Читательский вкус в России не установился: его предстоит еще воспитывать. «Черни», «принимающей вещи буквально», слепо доверяющей печатному слову, можно внушить все, что будет угодно журналисту. Она не научилась еще уважать подлинные литературные ценности — и в том числе поэзию Жуковского, — а уже находятся судьи, которые спешат развенчать их.
Да и чем определяется право этих критиков на безраздельное господство над общественным мнением? Разве тем, что они — издатели журналов, покупаемых и читаемых?
Приблизительно такую логику мысли мы можем усмотреть в критических выступлениях Пушкина и дельвиговского кружка.
Гласность, публичность, споры в печати, во всеуслышание делали широкий читательский круг участником литературного движения; они вовлекали в литературные дела всех без разбора, кто перелистывал журнальные страницы. Это была журнальная политика нового, буржуазного века, более свободная, более демократическая, нежели ранее. К ней склонялись Рылеев и Бестужев.
Но, как и всякая буржуазная демократия, она готова была решать литературные дела большинством голосов. Голоса принадлежали подписчикам, платившим за журналы и альманахи.

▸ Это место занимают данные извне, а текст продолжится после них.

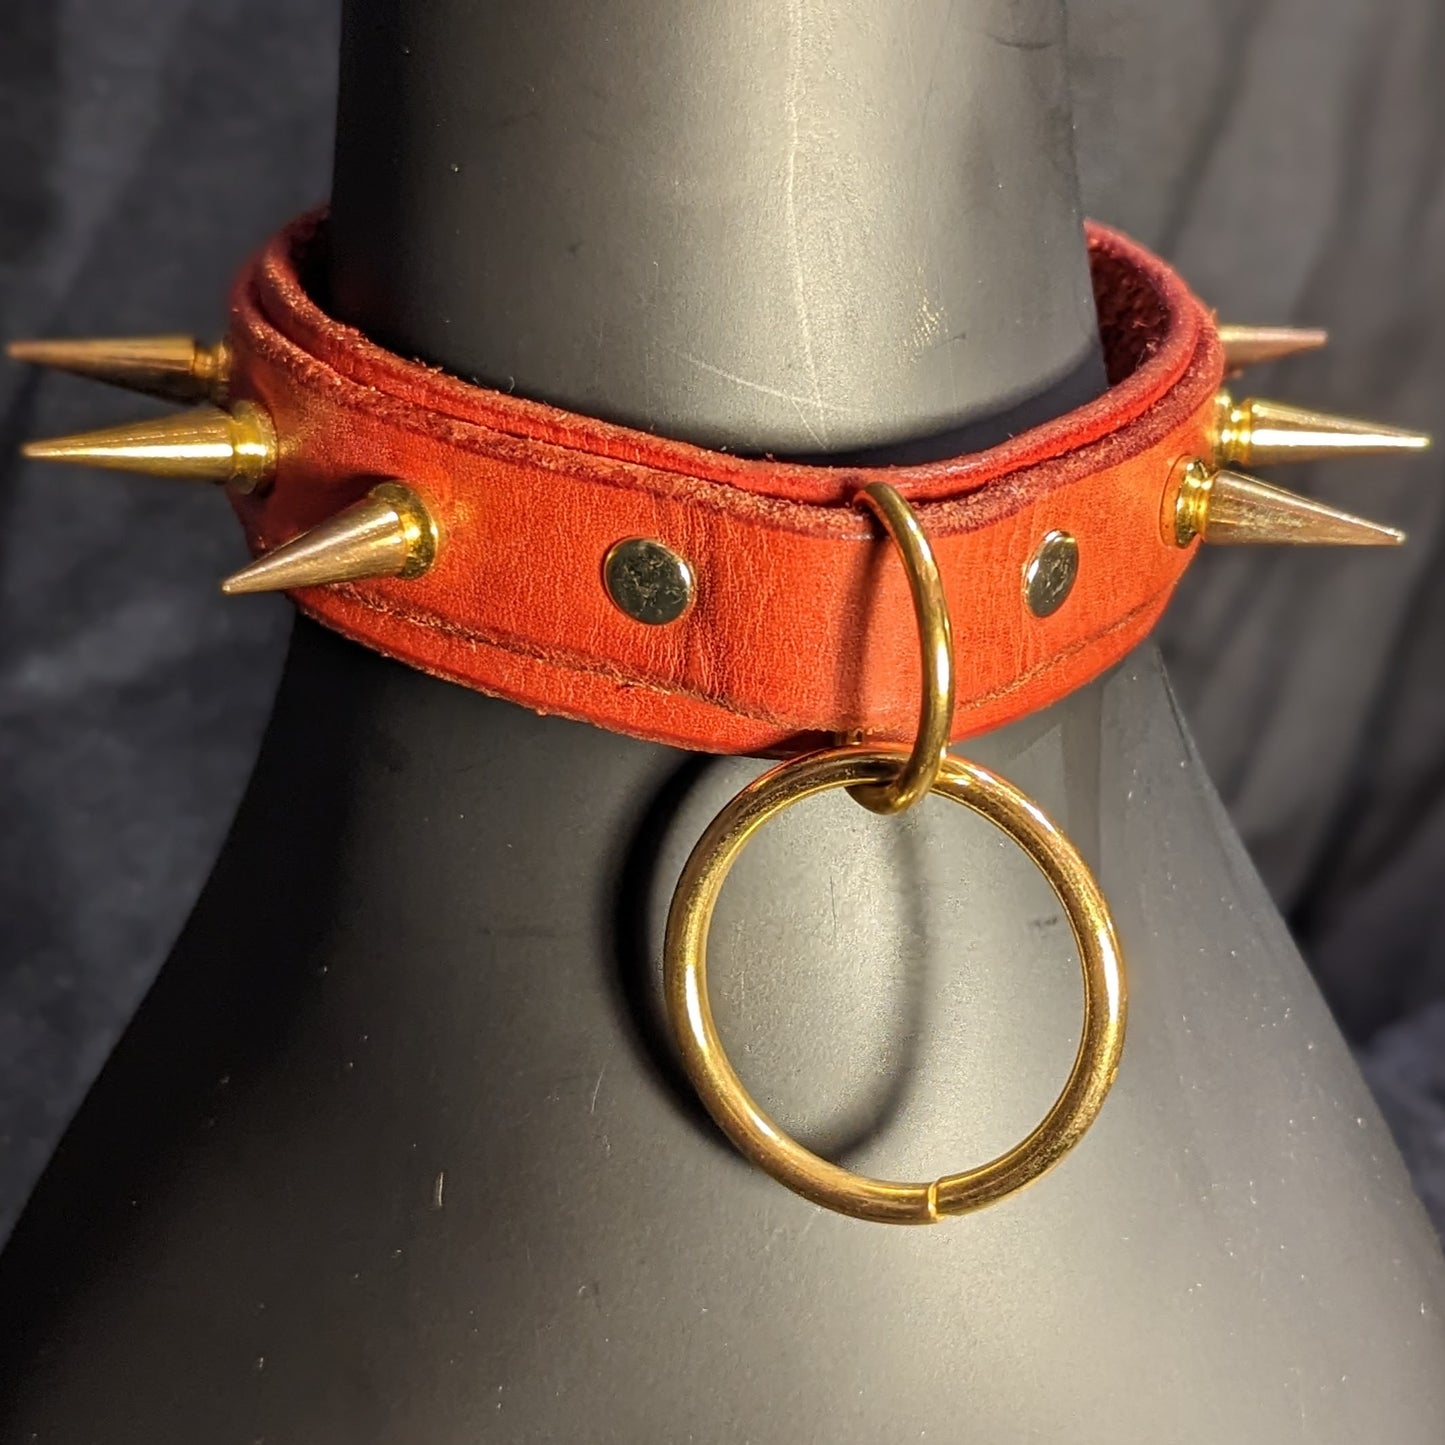 Red spiked collar by Smell My Leather. This collar has two layers of leather with 1" spikes and gold color hardware

Издательское дело становилось коммерцией — и так должно было быть; но коммерция проникала и в самую литературу. Нужен был еще один шаг, чтобы по историческому вызову явились поставщики на рынок литературного товара, чтобы конкуренция и жажда обогащения стали направлять писательское перо.
Этот шаг уже готовы были сделать — каждый по-своему — Воейков, Булгарин и Греч.
Такова была оборотная сторона буржуазной демократии в литературе.
Тем же, кто боялся этих неизбежных последствий, угрожала кастовость, замкнутость, элитарность, опасность потерять широкого читателя и погибнуть под натиском сильных конкурентов.
В своем послании Баратынский писал о художнике, замкнувшемся в гордом уединении, и о его профессиональных журнальных «судьях», торгующих хвалой и бранью не в переносном, а в буквальном смысле.
В письме к Козлову он разъяснял смысл своих, впрочем, достаточно прозрачных намеков. «Наши журналисты стали настоящими литературными монополистами; они создают общественное мнение, они ставят себя нашими судьями при помощи своих ростовщических средств, и ничем нельзя помочь! Они все одной партии и составили будто бы союз противу всего прекрасного и честного. Какой-нибудь Греч, Булгарин, Каченовский составляют триумвират, который управляет Парнасом».
Нужно было иметь свой печатный орган, лучше всего журнал, хотя бы для того, чтобы не попасть в полную зависимость от «степени расположения <…> вышеназванных господ»[40].
Это письмо написано в январе 1825 года, и на его тон и суждения наложили отпечаток примечательные события, пришедшиеся на вторую половину 1824 года, — события, отчасти совершавшиеся на глазах у Баратынского.
19 июня 1824 года Бестужев записал в дневнике: «У Рылеева с Баратынским. История Дельвига с Булгариным».
Об этой «истории» до нас дошли несколько отрывочных припоминаний и одна записка без даты. Пушкин вспоминал: «Дельвиг однажды вызвал на дуэль Булгарина. Булгарин отказался, сказав: „Скажите барону Дельвигу, что я на своем веку видел более крови, нежели он чернил“». П. В. Нащокин, приятель Пушкина, однокашник Левушки Пушкина и Соболевского по Благородному пансиону, добавлял, что сам он должен был стать секундантом у Дельвига, Рылеев — у Булгарина. Булгарин отказался от поединка, и «Дель.<виг> послал ему ругательное письмо за подписью многих лиц».
Письма, вероятно, не было. Рылеев вступил в переговоры. «Любезный Фадей Венедиктович! — сообщал он Булгарину. — Дельвиг соглашается все забыть с условием, чтобы ты забыл его имя, а то это дело не кончено. Всякое твое громкое воспоминание о нем произведет или дуэль или убийство. Dixi»[41].
Нам неизвестно, какое «громкое воспоминание» Булгарина о Дельвиге было поводом для этой несостоявшейся дуэли. Но почти нет сомнений, что причиной ее была все та же всемогущая конкуренция. Год назад она едва не поставила на барьер миролюбивых Воейкова и Булгарина. Тогда Булгарин посылал картель, Дельвиг посмеивался над ним, Рылеев был посредником и примирителем. Дуэль кончилась ничем; Воейков объяснял, что не затронул ни чести противника, ни его выгод.